Combination Therapies and Tumor Homograft Models
What are Tumor Homograft Models?
Tumor homograft models are transplants of GEMM tumors in syngeneic hosts. They’re never passaged in vitro, preserving both disease-relevant mutations and tumor architecture relevant to the original tumor microenvironment. This means that tumor homografts broaden the selection of preclinical immunocompetent models available past your traditional syngeneic collections.
In this post, we’re focusing on how tumor homograft models can be used to assess combination immunotherapies, providing preclinical evidence to support downstream clinical development.
The Rise of Combination Immunotherapies
Immune checkpoint inhibitors (ICI) have revolutionized the cancer therapy landscape. ICI work by blocking proteins on the surface of tumors or immune cells that dampen the immune response. This enables the patient’s own immune system to better fight the disease.
However, while immune checkpoint therapies are efficacious in many patients, there’s still a significant patient population that don’t respond to treatment. There’s a pressing need to extend durable responses, both to more cancer types and to a wider selection of patients.
Combining Targeted Therapies with ICI
One way to address this unmet need is to combine ICI with targeted agents which are capable of establishing favorable tumor immune microenvironments. Targeted therapies tend to be rapidly effective in a broad patient population, but lack durability of response due to adaptive resistance to treatment. Combining these agents with ICI can provide the needed durability of response.
Additionally, recent research shows that deregulated cellular signaling pathways also have immunomodulatory effects on systemic and intratumoral antitumor immune response. This suggests that combining molecular targeted therapy with ICIs can result in synergistic antitumor effects.
Combining PARP Inhibitors with ICI
PARP inhibitors, such as talazoparib and olaparib, are known for their role in inhibiting DNA repair and inducing tumor cell death. Recent studies on PARP inhibitors also show they have the potential to modulate the tumor immune microenvironment. In tumor cells with BRCA mutations, synthetic lethality induced by PARP inhibition increases genomic instability and cell death.
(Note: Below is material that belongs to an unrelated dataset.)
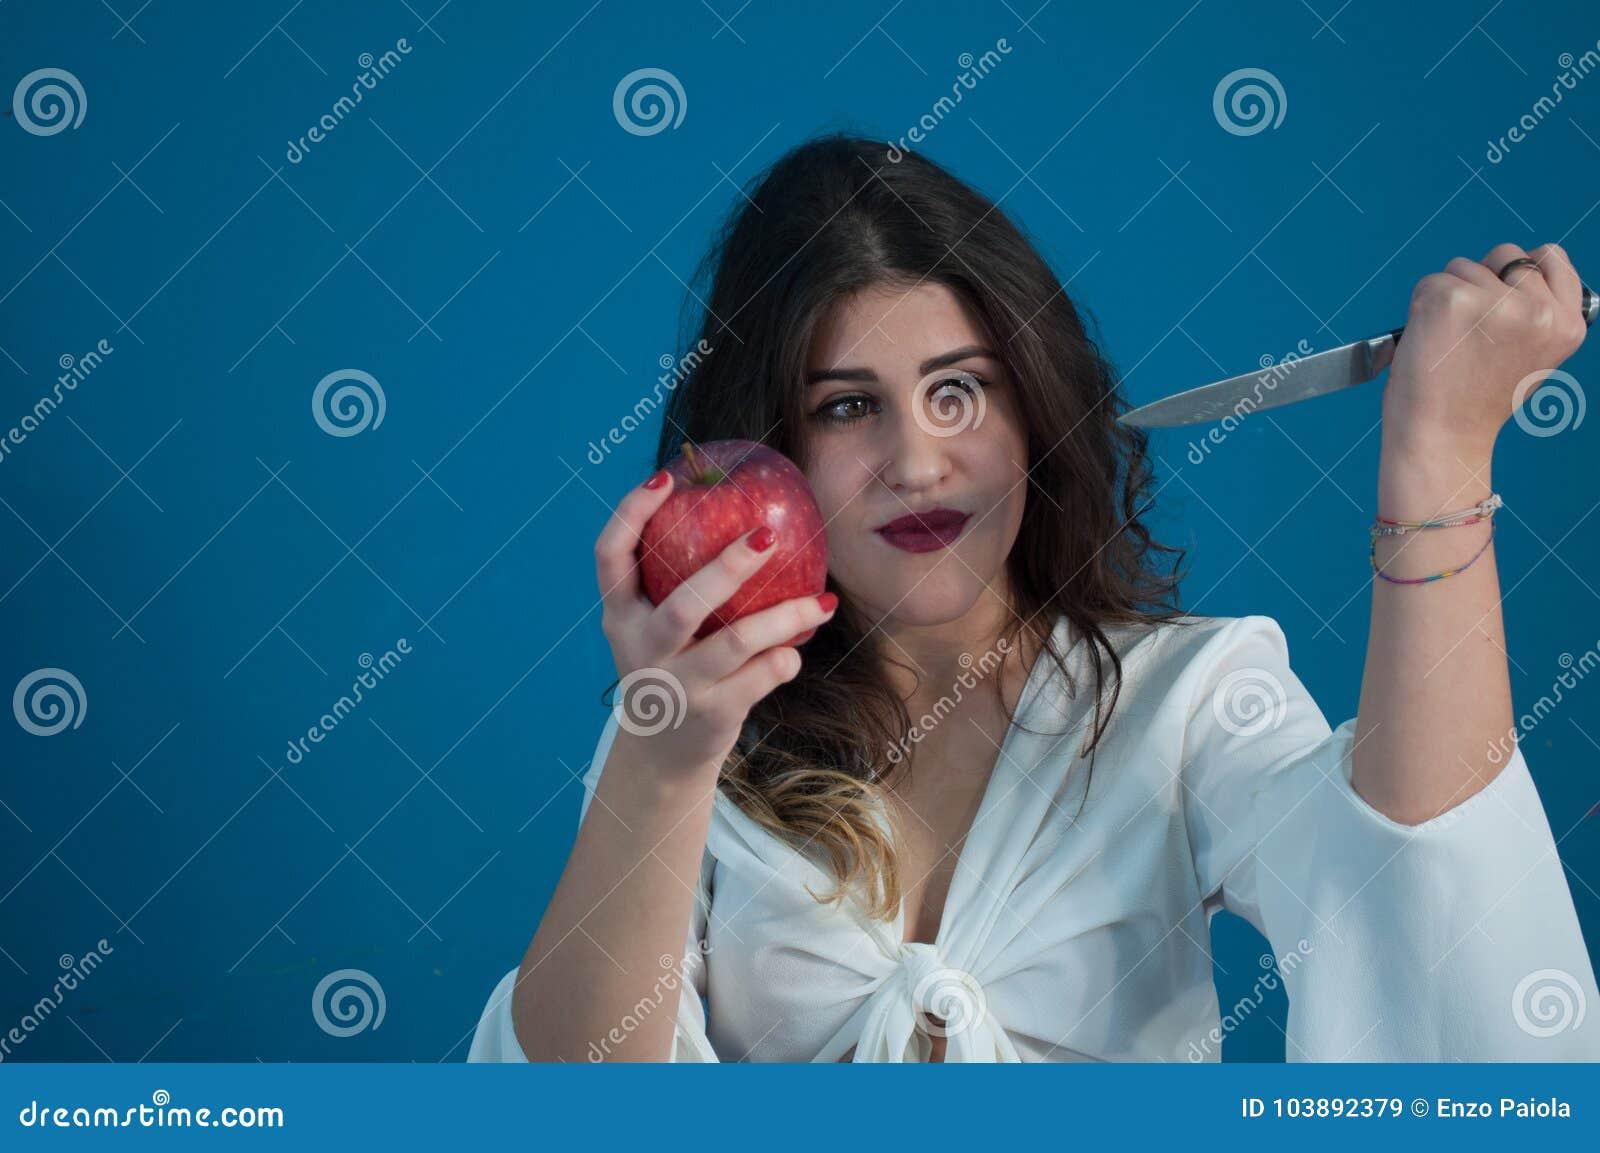 Studiofoto met leuke meisje en appel

This, in turn, causes an increased neoantigen load and antitumor T cell response.
In a recent study, a new combination therapy rationale was explored – combining niraparib, a highly selective PARP1/2 inhibitor, and ICI. A variety of in vivo tumor models were used to investigate the combination effects, including tumor homografts. The models each carried characteristics such as BRCA proficiency or deficiency, niraparib sensitivity or resistance, and ICI resistance, which were used to answer different questions.
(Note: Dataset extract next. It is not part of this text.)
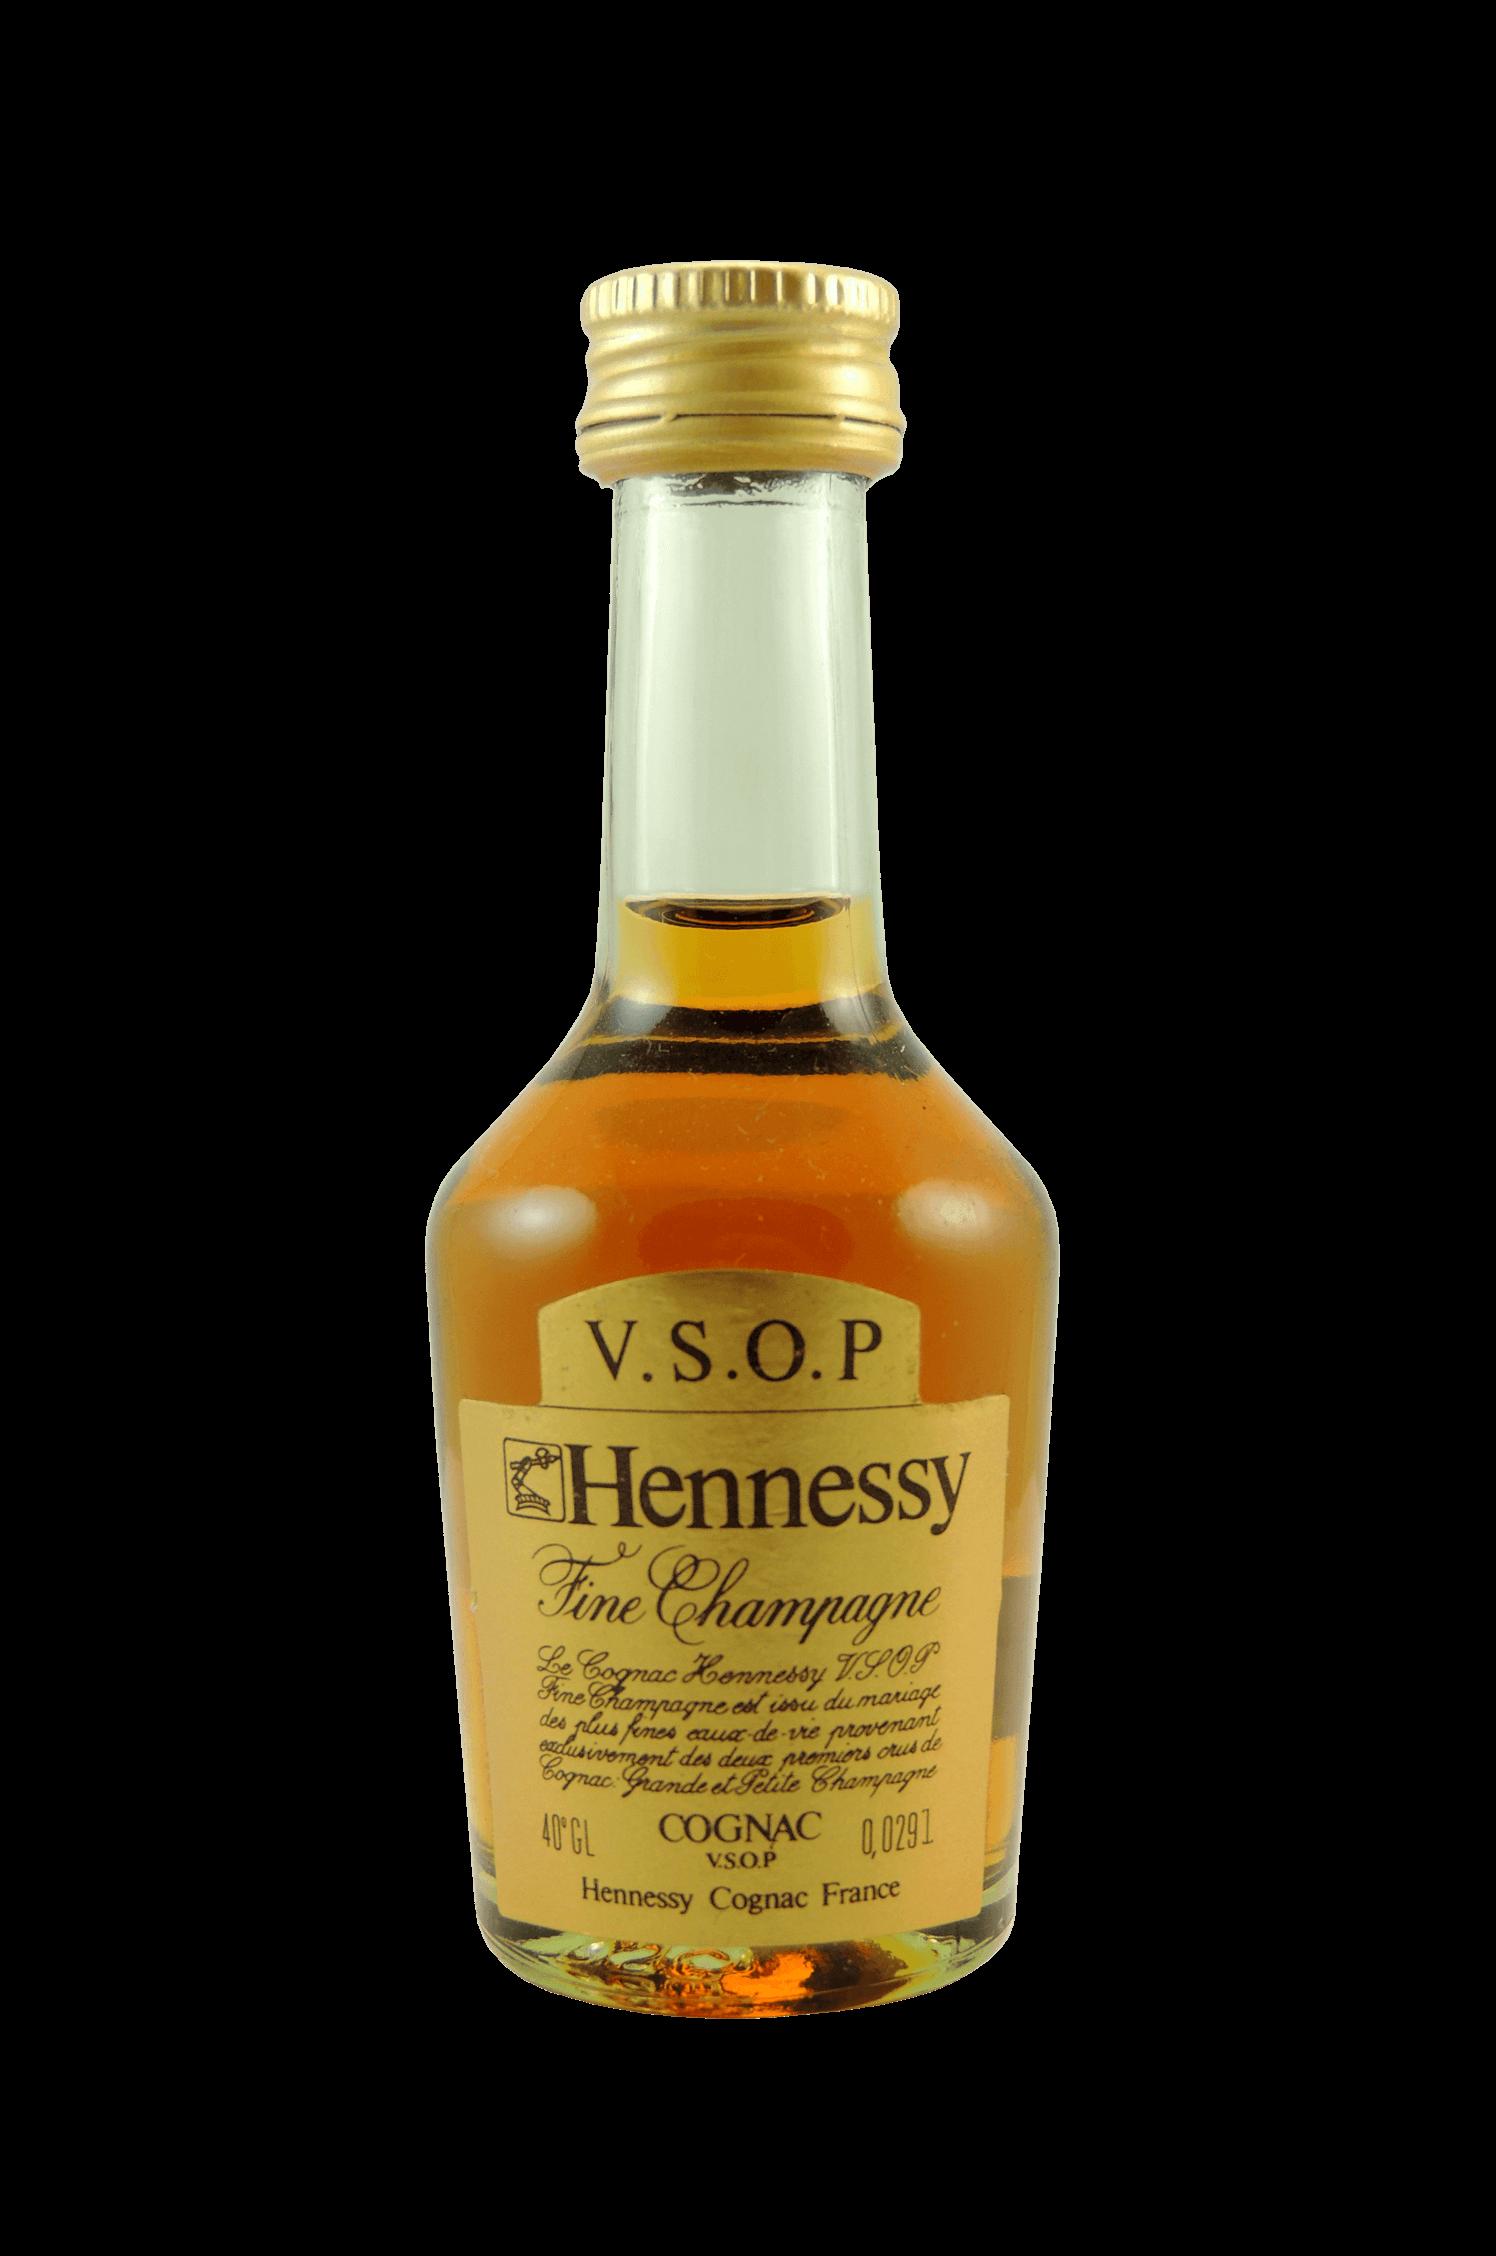 Hennessy Cognac V.S.O.P.

Combination Effects in Both BRCA Deficient and Proficient Tumors
The efficacy of combination niraparib + anti-PD-1 was first confirmed in BRCA-deficient tumors including BRKras (syngeneic) and MDA-MB-436 in NOG-EXL humanized models.
Combination efficacy was also evaluated in several BRCA-proficient tumors, including the SK6005, SA9003, and BL6078 tumor homografts. Interestingly, niraparib was able to enhance the effects of ICI in all BRCA-proficient tumors.
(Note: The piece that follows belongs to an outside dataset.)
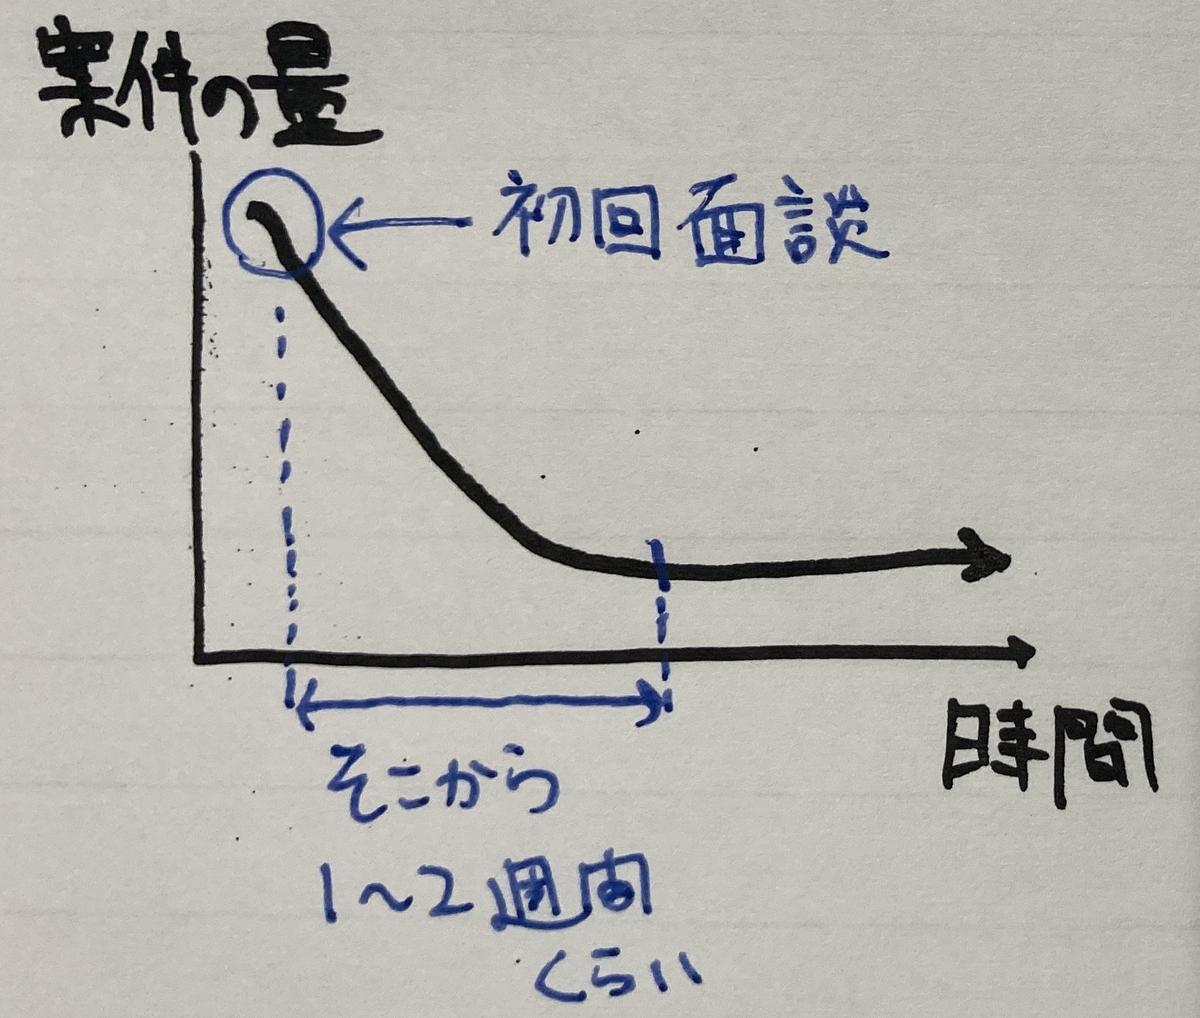 f:id:career-yoshinashi:20200613131035j:plain

Notably, the SK6005 tumor homograft model was sensitive to 50mg/kg niraparib alone and the treatment led to the recruitment of immune cells to the tumor. When the niraparib dose was halved, the model was resistant to either niraparib or anti-PD-1 alone, but was responsive to the combination of agents.
The immunomodulatory effects of niraparib in both BRCA-proficient and deficient models included interferon pathway activation and increased immune cell infiltration. The authors surmise that these effects may be responsible for enhancing the effects of immune checkpoint blockade in this study.
There is an unmet need in the homologous-recombination-proficient population, so the fact that a PARPi was able to sensitize BRCA-proficient tumors to ICI provides a potentially positive outlook for patients.
In this elegant study, tumor homografts supported the currently tested clinical strategy of PARP inhibition with ICI therapies. The critical next step is to understand the patient populations that will benefit the most from this combination.
The Future of Targeted Agents and ICI Combinations
When moving forwards with new targeted agent and ICI combinations, it’s important to fully assess the safety of the regimen. Removing the breaks to the immune system or potentiating endogenous cytotoxic responses can have adverse toxicity effects.
Immune-related adverse effects have been observed in studies combining targeted agents and immunotherapy. For example, the combination of targeted therapy and ICI in EGFR-positive or EML4-ALK–positive NSCLC are often associated with increased toxicities, but not accompanied by clinical benefit. The combination of BRAF inhibitors with anti-CTLA-4 antibody has also led to concerning toxicities as well.
Therefore, it is crucial to test the timing and safety of these combinations at an early stage. Thoroughly interrogating different combination regimens in relevant preclinical models, such as tumor homografts, is key to successfully reaping the patient benefits of combined targeted therapies and ICIs.